1.To register an advance directive, the registrant must complete and send the Registration Agreement form along with a copy of the advance directive to:
The Vermont Advance Directive Registry
PO Box 2789
Westfield, New Jersey 07091-2789
2.Upon receipt of the Registration Agreement and attachments, the Registry will scan the advance directive and store it in the database along with registrant identifying information from
the Registration Agreement. The Registry will send a confirmation letter to the registrant along with a registration number, instructions for using the registration number to access documents at the Registry website, a wallet card, and stickers to affix to a driver’s license or insurance card. The registration is not effective until receipt of the confirmation letter and registration materials is made by registrant.

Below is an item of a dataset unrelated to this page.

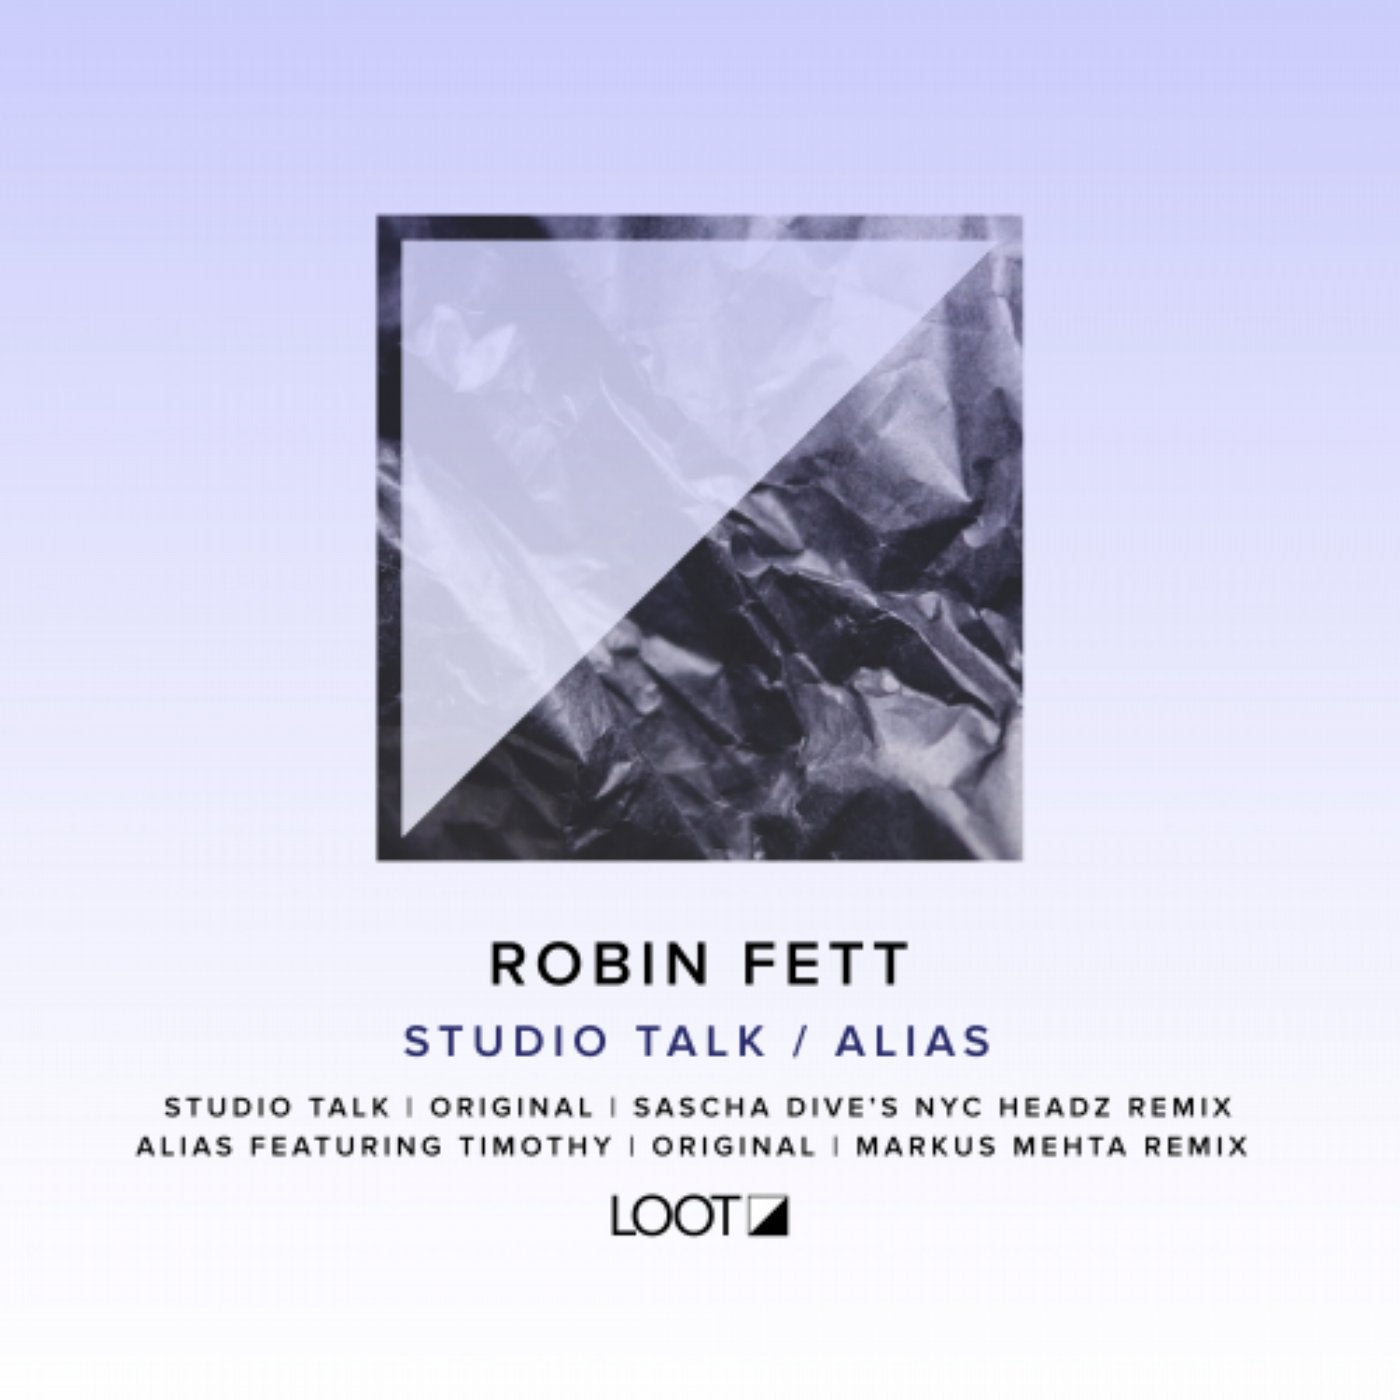 Studio Talk / Alias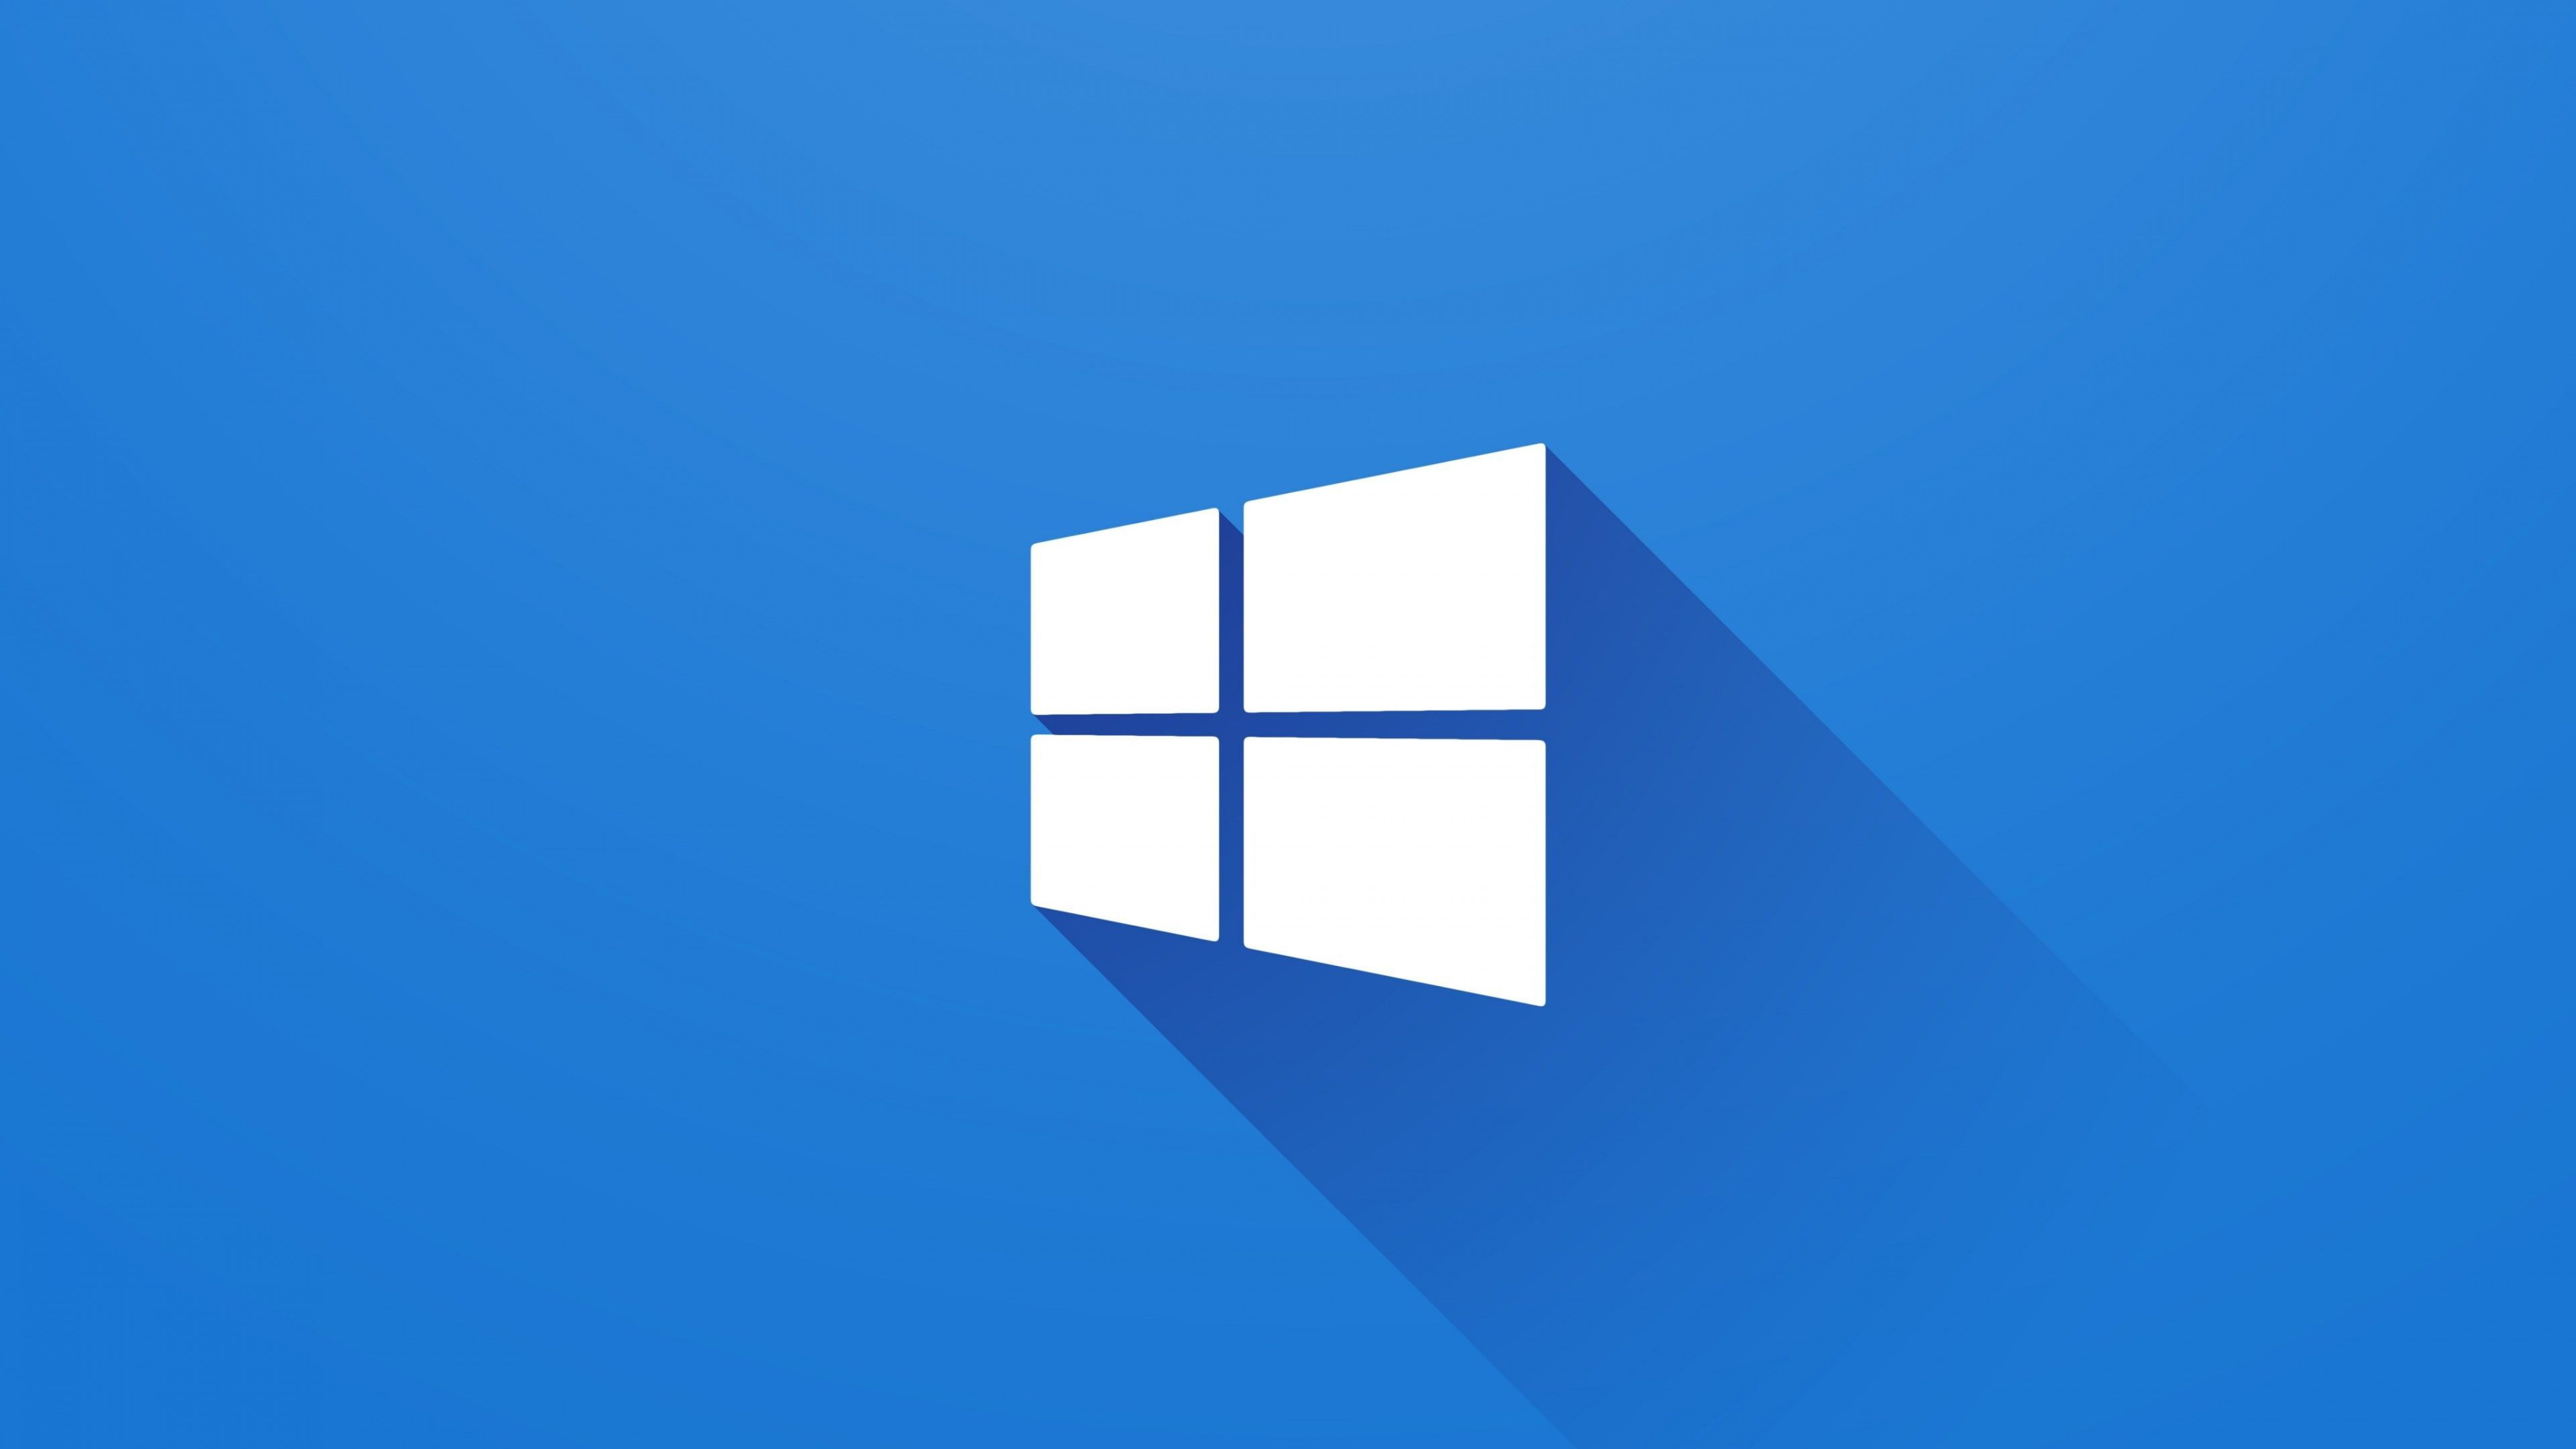 Logo Windows: Logo Windows đã trở thành một biểu tượng thuộc về Windows. Hiểu rõ được ý nghĩa của logo là một yếu tố không thể thiếu trong việc sử dụng máy tính. Hãy khám phá tất cả các hình ảnh logo Windows đa dạng để tìm được mẫu phù hợp nhất với phong cách của bạn.

3.Registrants should share the registration number from the wallet card with anyone that should have access to their advance directives: for example, the registrant’s agent, family members, or physician. Anyone may access a person’s advance directive using the registration number. Additionally, when the registration number is not readily available, an authorized health care provider can search the Registry for a specific person’s advance directive using a registrant’s personal identifying information.
4.The registrant is responsible for ensuring that:
a.The advance directive is properly executed in accordance with the laws of the state of Vermont.
b.The copy of the advance directive sent to the Registry, if a photocopy of the original, is correct and readable.
c.The information in both the Registration Agreement and advance directive documents is accurate and up to date.
d.The Registry is notified as soon as possible of any changes to the advance directive or registration information by completing and submitting an Authorization to Change form with the changes appended, or preferably, with an updated copy of the advance directive to the Registry.
5.Initial registration as well as subsequent changes and updates to the registration information or the advance directive documents are free of charge.
6.The Registration Agreement shall remain in effect until the Registry receives reliable information that the registrant is deceased, or the registrant requests in writing that the Registration Agreement be terminated. When the Agreement is terminated, the Registry will remove registrant’s advance directive from the Registry database, and the file will no longer be accessible to providers.
7.Only the Registry can change the terms of the Registration Agreement.